Is your board a “bear?”

We were in a project-launch meeting with a client recently when the executive director made the observation that “my board is kind of a bear.”

Thankfully, he didn’t simply mean that his board was terribly challenging, but was using the animal metaphor in a more descriptive way–which he went on to explain.

If your board were an animal, what animal would it be–and why? This could be a fine exercise if you spend a little time focusing on the animal characteristics and then shift to exploring what the implications are of this metaphor, both positive and where there is room for improvement.

Our client’s reference to having a “bear” for a board included some of the following, which we’ve expanded on. Your board might be a bear, too, if some of this seems true:

1. It’s kind of clumsy and lumbering. Bears are big creatures and usually slow to move. What could you do to make your board more nimble and responsive?

2. It’s only seasonally active, and only in a predictable way. Does this serve your purposes fully, and should you try and break this cycle?

3. It’s not often visible. Are there all-too-rare “sightings” of a board member at your events?

4. It is feared. Staff members may be anxious about your board’s power and decision-making if there isn’t a clear understanding of boundaries and responsibilities. Create opportunities to build relationships around shared values–i.e., passion for your mission.

5.  It can be awfully protective. Like the proverbial mother bear with her cub, does your board stand firm to protect certain things–and is this a good thing in terms of your nonprofit’s evolution?

6.  It’s sheer size can be overwhelming. It’s rare that RMA’s clients have the optimum size of a board. We usually recommend 14-16 members, which is the national average.

7.  It’s preferred mode is solitary. Does your board have a tangible connection to the population your serve, or are your directors mostly off in a cave somewhere? And what about better use of your board members as community outreach “ambassadors?”
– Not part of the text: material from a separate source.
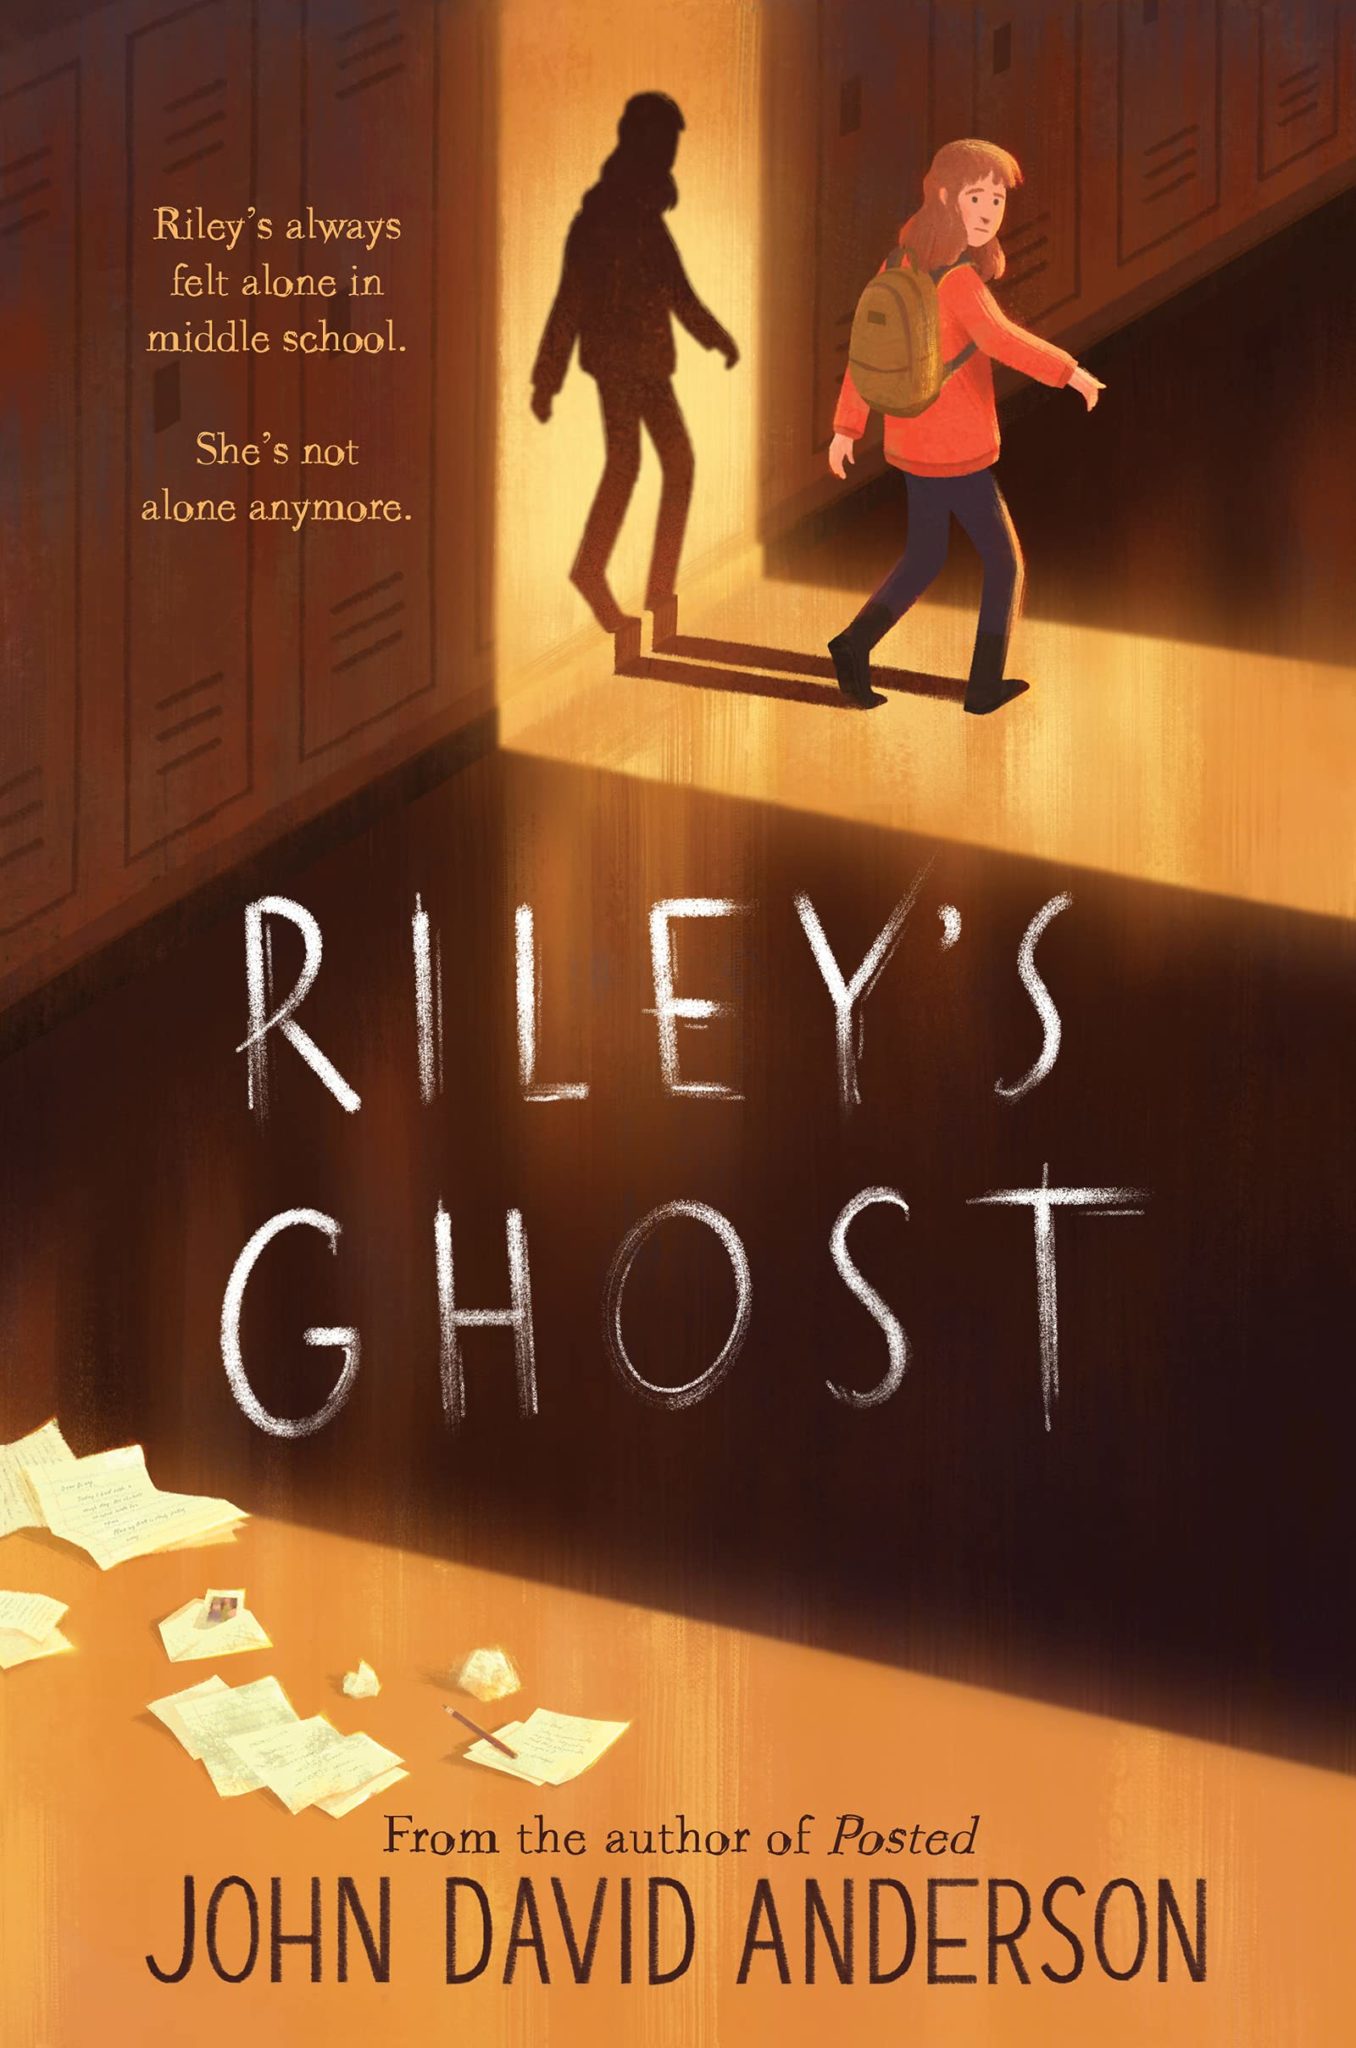 "Riley's Ghost" book cover by John David Anderson

8.  There are long periods of sleep. Nonprofit organizations, especially those in a rapid growth phase, can’t be effective if no one is paying attention to funding opportunities and shifts in industry trends.

9.  It can be aggressive when need be. A crisis in your organization–around money, around leadership–will invariably force a drowsy board to wake up. Remove the unpleasant element of surprise by fostering a more continuously active board culture.

10.  It can be messy. Ever seen a campground or cabin after a bear has visited? Obviously it’s too late then to worry about how well-organized you were, but you can ensure a better future for your board in crisis with strong by-laws, board policies, and defined governance.